These were all much the same in nature, differing mainly in size and duration. Their reason for being and the reason or them becoming a thing of the past is all the same. 

The book suggests that they started in the mid-1800’s is stretching the point somewhat as Fairs of all types were around for many centuries and only differed in how big they were, how far people travelled to them ,how much new inventions became incorporated and how long they lasted. 

It seems that throughout history people loved to gather for just about any reason, but generally some sort of amusement along with the hope of “seeing something new”. Thus there were Races, Exhibitions of animals, crafts, products for prizes or sale, Auctions, Magic shows, Plays, Sporting events; and on and on ad infantilism. 

This happened at Stonehenge and before, at the Roman Collisium, and Religious Celebrations. It didn’t take much to create an event; heck, even a “Hanging” was enough to get a huge crowd out. The same sort of thing continues today. So instead of taking the Subway to Coney Island or some other Amusement park; we go to the great Theme Parks, National Parks, Sporting Events, Concerts, Casinos, Vegas, Nashville, Ski Hills, Cruises, or even events and locations around the world, such as World Fairs or the Olympics. 

The old adage “The more things change, the more they become the same” applies to Amusement Parks, just as it does to everything else. 

The greatest change is in the ease of travel, the amount of disposable income available, and the introduction of TV where everything can be brought right into the living room. That doesn’t leave much but the Thrill Rides, the Smells and Sounds, the Crowds and the Outdoors; but that’s coming too. The Canadian National Exhibition continues to run for 3 weeks in August: however it gets poorer and tackier every year and who knows how much longer it will continue.

Amusement parks that began to exist during the turn of the century served as venues for fun and excitement as well as helped to release the repressed from the gentility of the Victorian Age of the nineteenth century. John Kasson examines the social and cultural ramifications that occurred in American society in his book, AMUSING THE MILLIONS: CONEY ISLAND AT THE TURN OF THE CENTURY. In his study, Kasson shows how the American landscape became playgrounds, especially in New York, which extended the use of recreational space, New York’s Central Park, and expositions that commemorated and celebrated the American historical past, Chicago’s Columbian Exposition of 1893. They magnified the cornerstones and building blocks of the city, and the behavior that was exhibited with the rising middle class, which attracted a mass audience. The city became cosmopolitan and modern where many engaged and frolicked, and helped to unlatch social, racial, and economic boundaries that were bestowed upon many individuals; they also helped to rejuvenate cities through urban planning. 

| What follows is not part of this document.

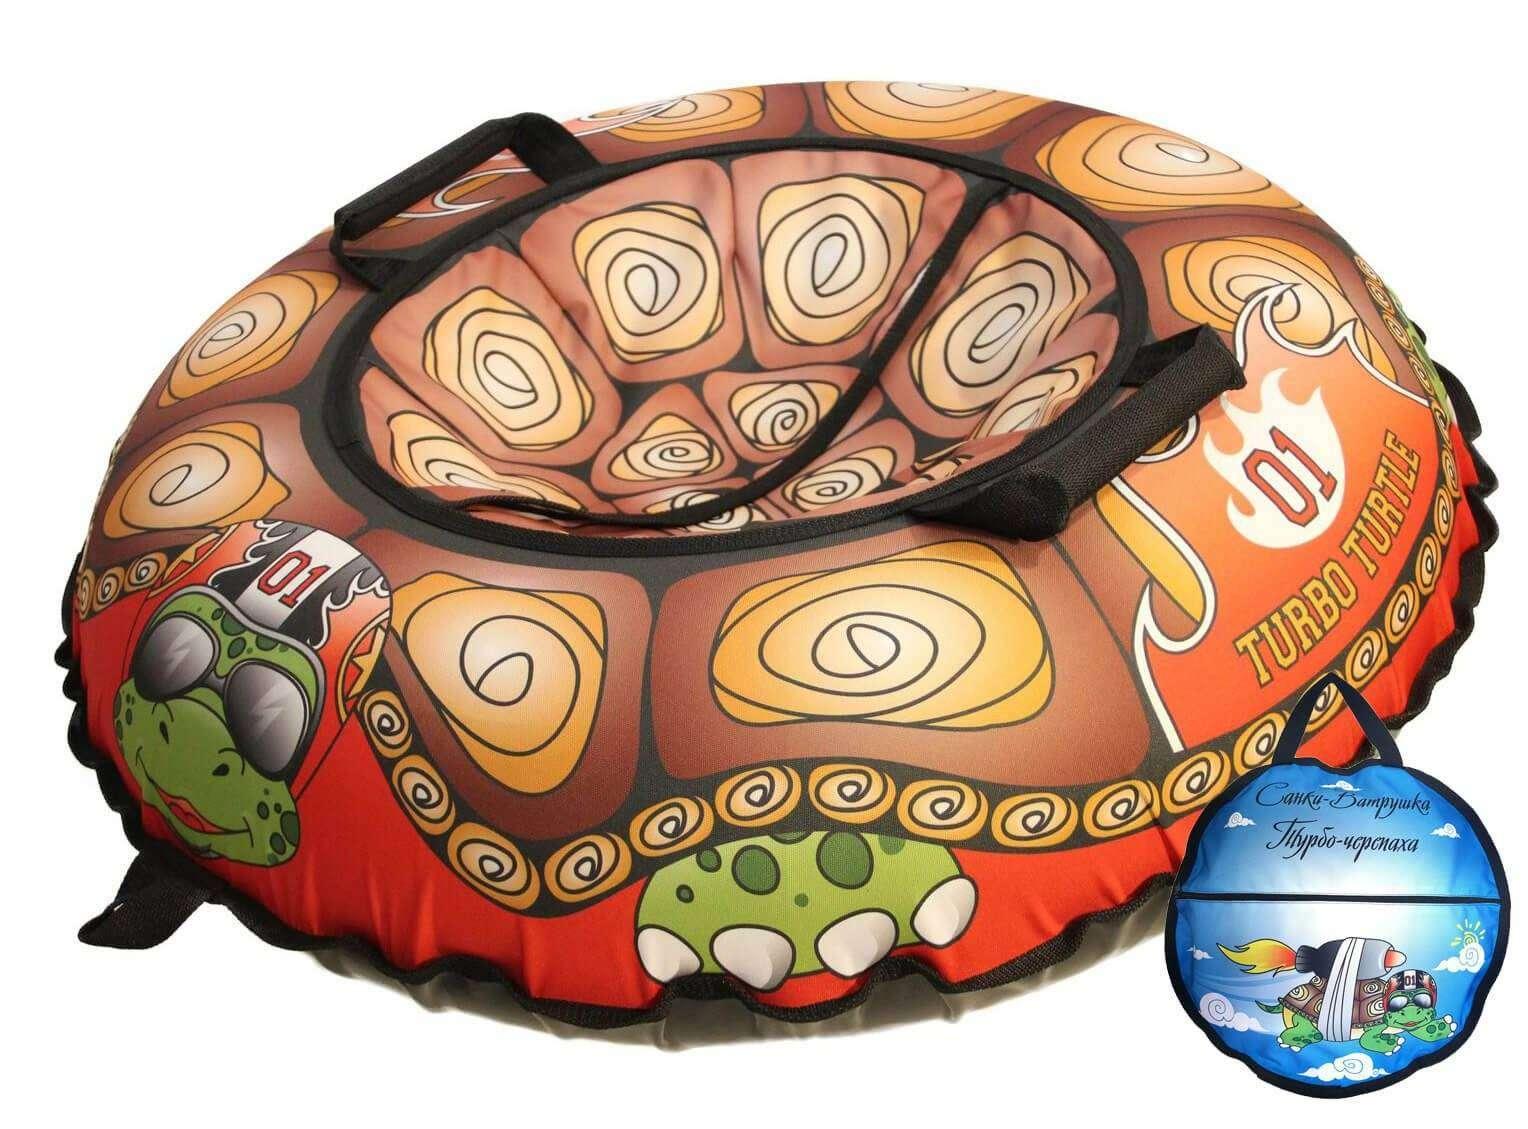 Купить Санки надувные Ватрушка Турбо-черепаха с чехлом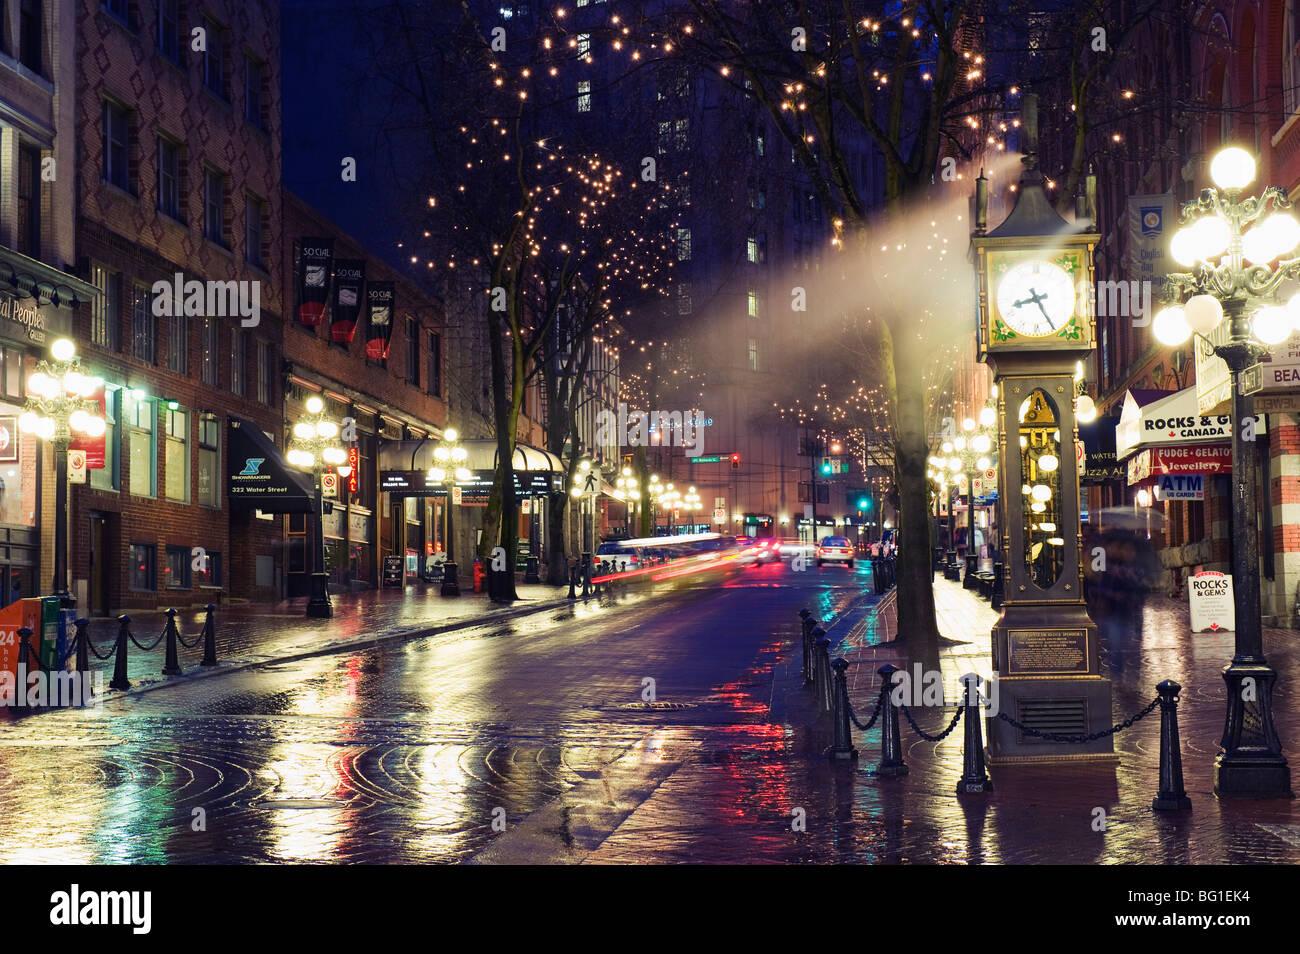 Die Dampf-Uhr in der Nacht auf Water Street, Gastown, Vancouver, Britisch-Kolumbien, Kanada, Nordamerika Stockbild

Indeed, Kasson explores the world of imagination. The amusements ran the gamut from a Barnum and Bailey atmosphere to reveling along the boardwalk amongst exotic and unusual exhibits that coveted Coney Island’s Luna Park and Dreamland Park. And within the text Kasson highlights those who helped architect this unrestrained environment of excess, such as Frederick Law Olmstead, Daniel H. Burnham, George C. Tilyou, Frederic Thompson, James Gibbons Huneker, and Maxim Gorky. Undoubtedly these were elaborate and spacious constructed palatial playgrounds of pleasure full of materialism and consumption where many gathered for pure utopian enjoyment. According to Kasson, these amusements also served as an outlet for artists and painters whose works did not particularly belong in museums. However, they reflected the modernist and realist genres of the art world before they came into vogue, and they depicted “technological, urban, populous, egalitarian, erotic, hedonist, dynamic, and culturally diverse” images that the public were not accustomed to (88). 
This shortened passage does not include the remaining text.